WORKSHOP KEYNOTE ADDRESS:

Interdisciplinary information work: Concepts and practices
Palmer, Carole
Keynote address for workshop Where Your World Meets Mine:  Information Used Across Domains (SIG USE)

POSTERS:

Semi-automated Collection Evaluation for Large-scale Aggregations
Katrina Fenlon, Peter Organisciak, Jacob Jett and Miles Efron
Library and museum digital collections are increasingly aggregated at various levels. Large-scale aggregations, often characterized by heterogeneous or messy metadata, pose unique and growing challenges to aggregation administrators  not only in facilitating end-user discovery and access, but in performing basic administrative and curatorial tasks in a scalable way, such as finding messy data and determining the overall topical landscape of the aggregation. This poster describes early findings on using statistical text analysis techniques to improve the scalability of an aggregation development workflow for a large-scale aggregation. These techniques hold great promise for automating historically labor-intensive evaluative aspects of aggregation development and form the basis for the development of an aggregators dashboard. The aggregators dashboard is planned as a statistical text-analysis-driven tool for supporting large-scale aggregation development and maintenance, through multifaceted, automatic visualization of an aggregations metadata quality and topical coverage.  The administrators dashboard will support principled yet scalable aggregation development.
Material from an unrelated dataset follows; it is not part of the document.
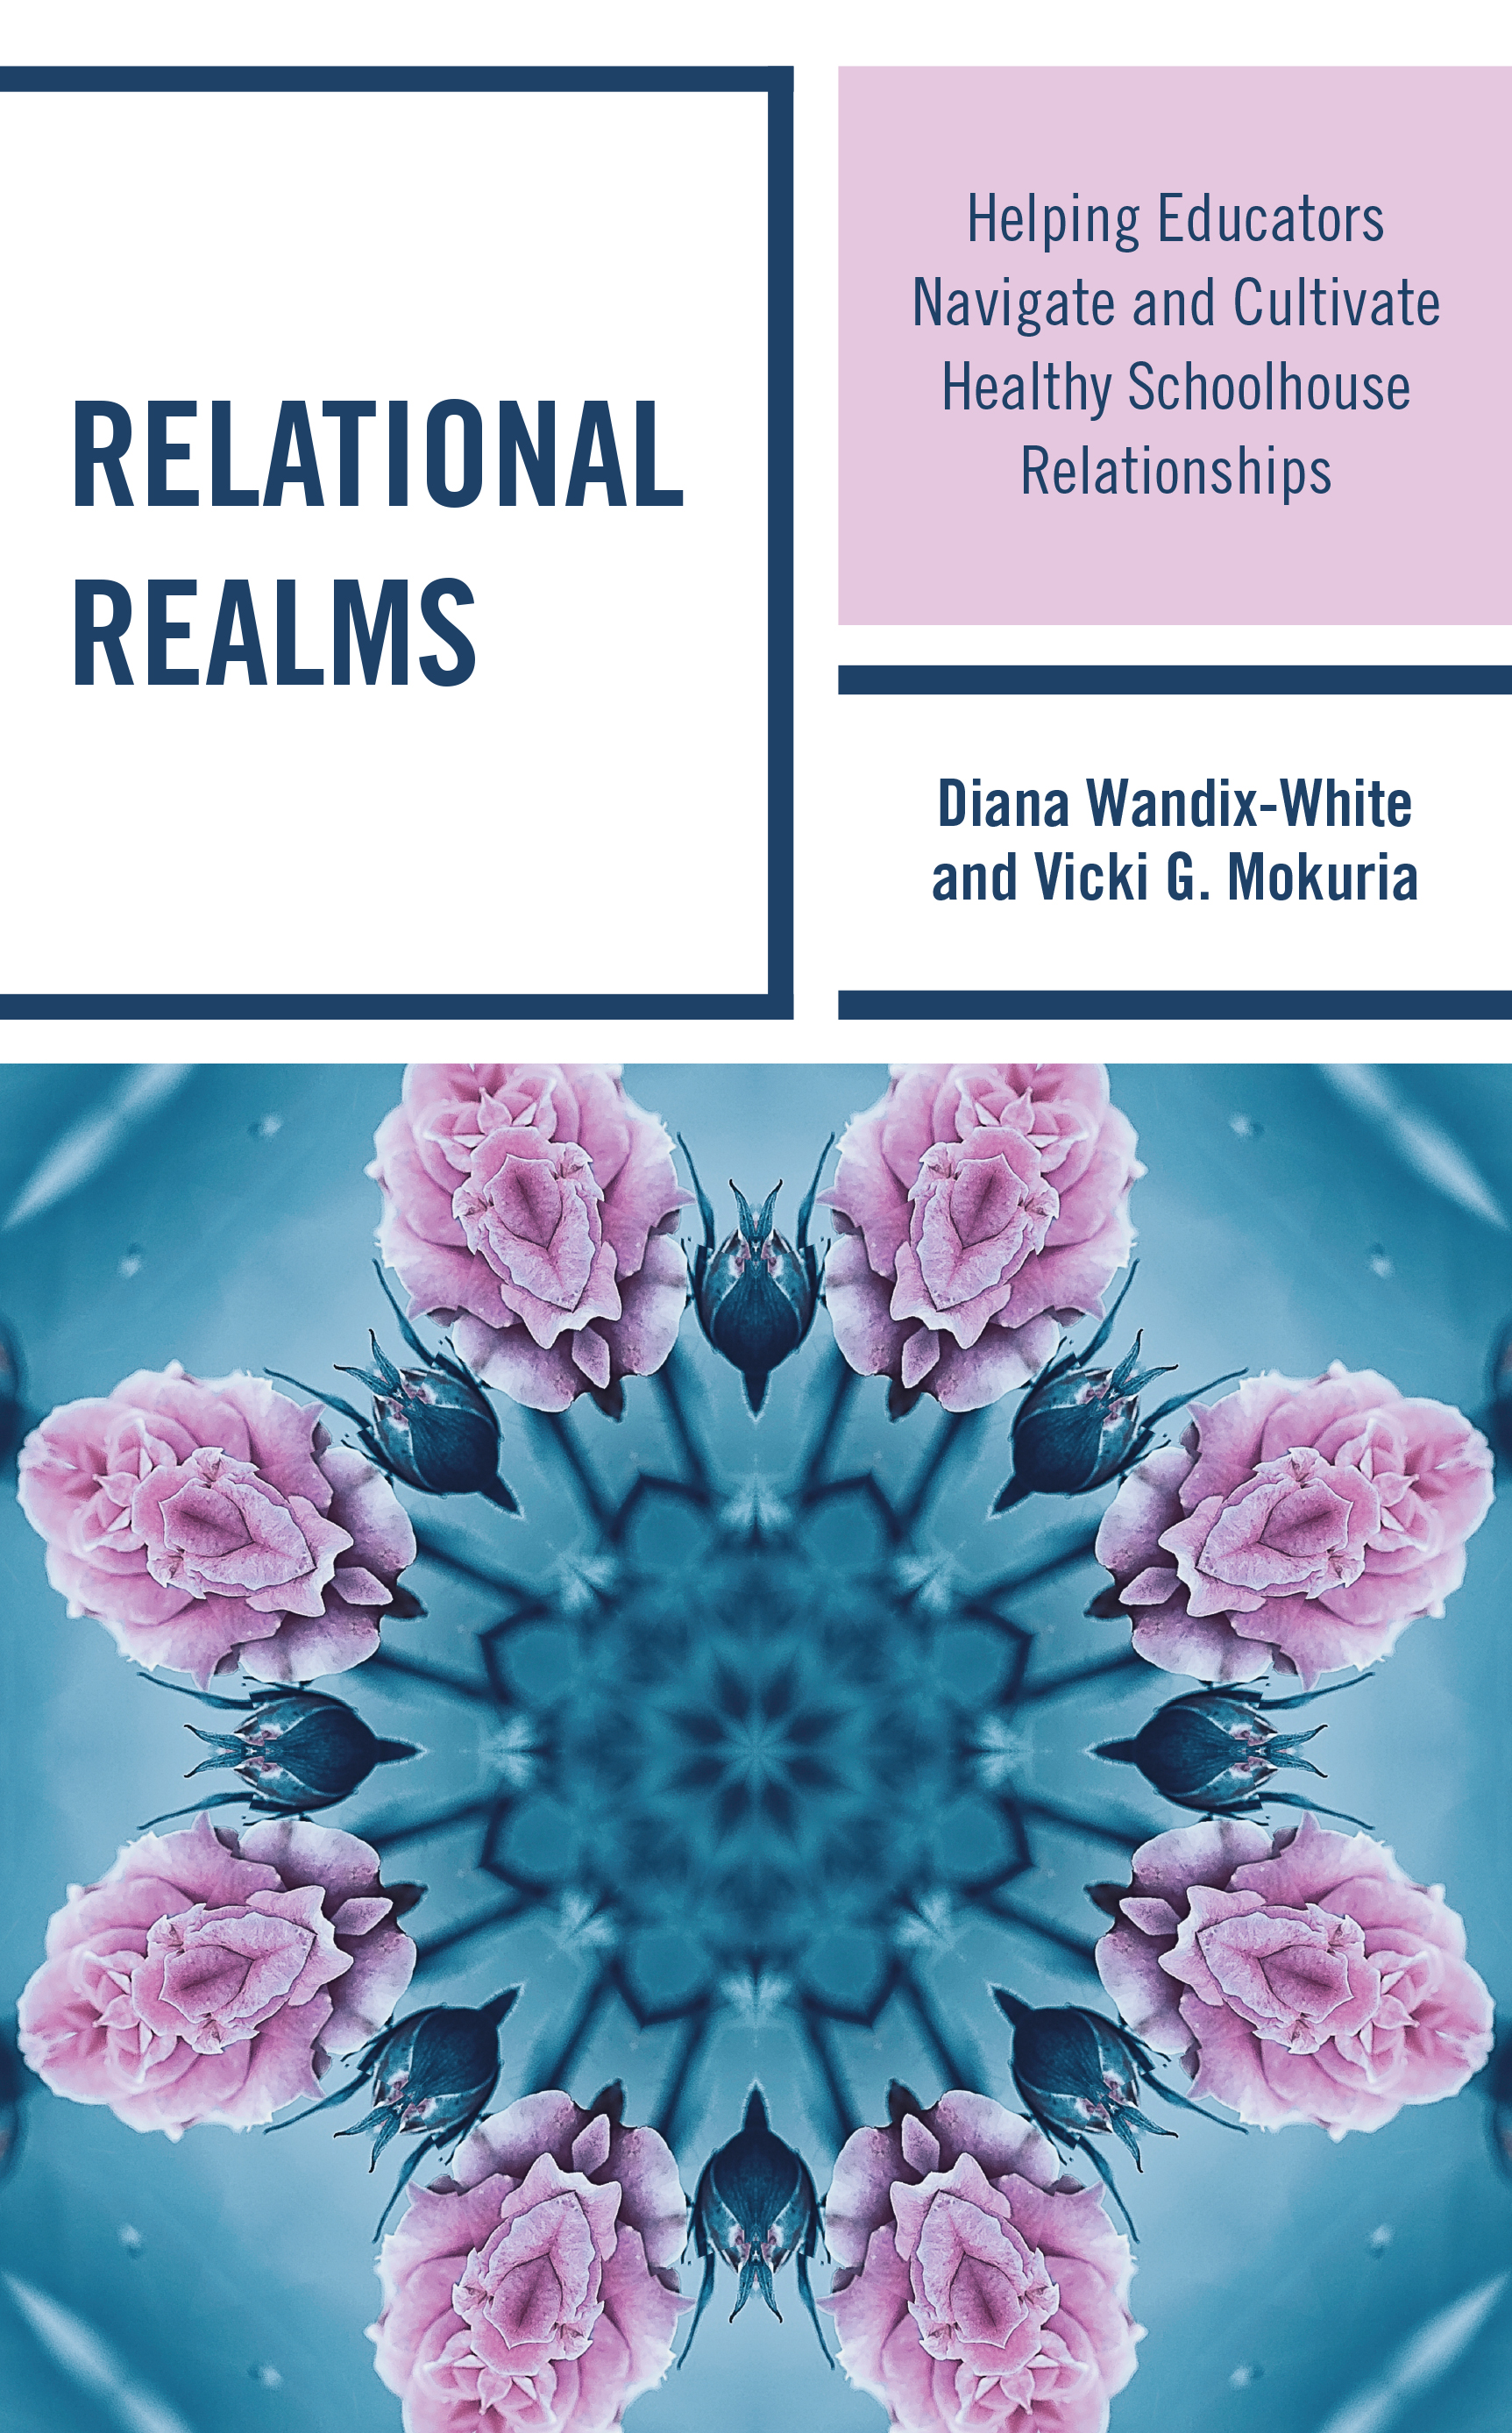 Relational Realms: Helping Educators Navigate and Cultivate Healthy Schoolhouse Relationships

Shaken and Stirred: ASIS&T 2011 Attendee Reactions to Shaking It Up: Embracing New Methods for Publishing, Finding, Discussing and Measuring Our Research Output
Alex Garnett, University of Victoria; Kim Holmberg, Abo Akademi University; Christina Pikas, University of Maryland; Heather Piwowar, National Evolutionary Synthesis Center; Jason Priem, University of North Carolina; and Nicholas Weber, University of Illinois
What does the Information Science community think about new, open methods for publishing, finding, discussing, and measuring our research output?  This poster will summarize audience member participation and reaction to an ASIS&T 2011 panel discussing these issues. Reaction data will consist of several Likert-scale and open-ended responses.  The data will be collected only a day or two before the poster is displayed: classification and visualization will be done openly to accomplish a rapid summary of the data.  The tight timeline and attendees-as-data-source will heighten the relevance of these exploratory results.  Likert-scale response distributions will be displayed in dot-plots to facilitate additional Write-On-The-Poster contributions from poster-viewers, further increasing engagement. Through this process we hope to raise awareness of these new open methods, discuss their strengths and weaknesses for the Information Science community, experiment with new methods for face-to-face group scholarly communication, and build community.